Perhaps that's why it took the White House more than three hours to say that it stood with the Turkish government and against the coup. No matter who came out on top, the administration would still need to use Incirlik airbase for airstrikes in its phony war against ISIS. After all, what if there were a terror attack against America in Obama's last months inspired by ISIS? As French president Francois Hollande has found, the only immediately available political response to terror at home is dropping more tonnage on Syria and Iraq. To side too early with either Erdogan or the coup might've prejudiced the eventual victor's disposition and eliminated the White House's go-to option in the event of a domestic catastrophe.

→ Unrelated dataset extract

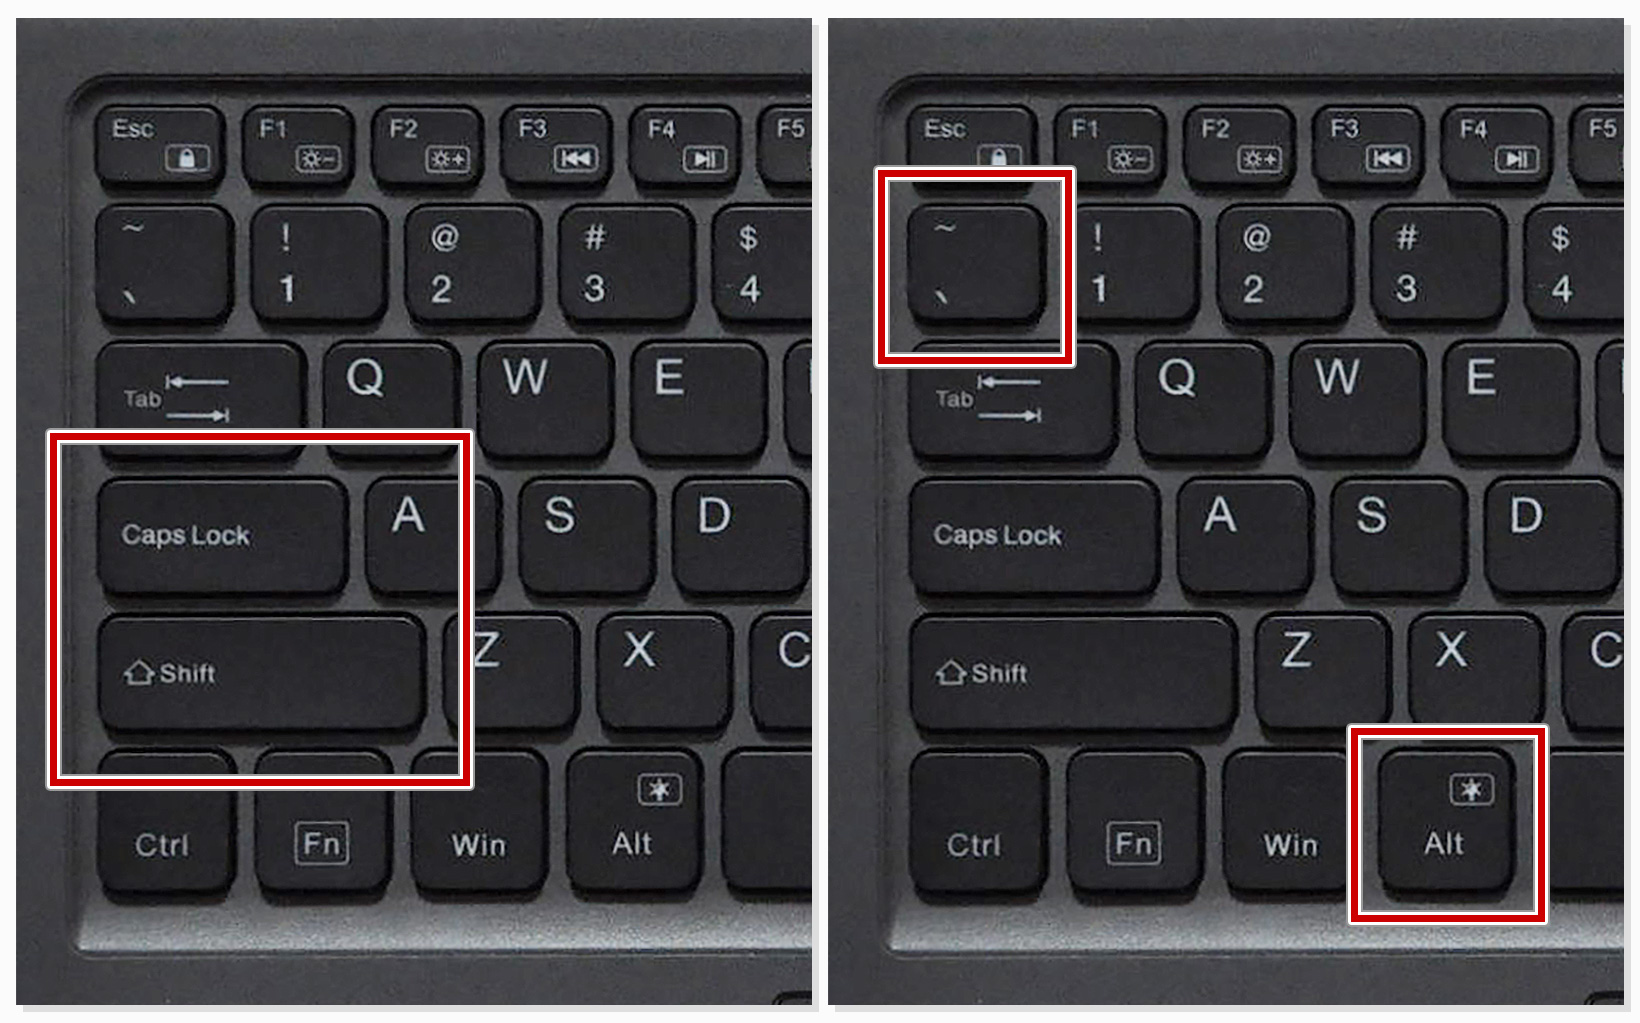 US配列キーボードの半角/全角切り替え

So Obama played it cool, but there's still a very big problem. Or let's put it like this: Let's say Erdogan and the AKP are making it up on the fly, as some regional conspiracy theorists seem to believe, and that Ankara is just hanging the coup on Gulen because it's a matter of convenience. Why not stick it to the preacher in the Poconos? Because that means that Erdogan has put the United States and Turkey on a collision course. Maybe Erdogan is so arrogant he intended to forge a rupture with the leader of the free world. But given his problems in the region—a war at home with the PKK, a war in Syria that has flooded Turkey with nearly three million refugees, trouble with Iran and Russia, and barely renewed relations with Israel—it seems unlikely he sought to further isolate Turkey by setting it against NATO's prime force.
If Gulen really is responsible, then the United States is hosting the man who engineered the coup against the government of Turkey and shed blood in the streets of Turkish cities.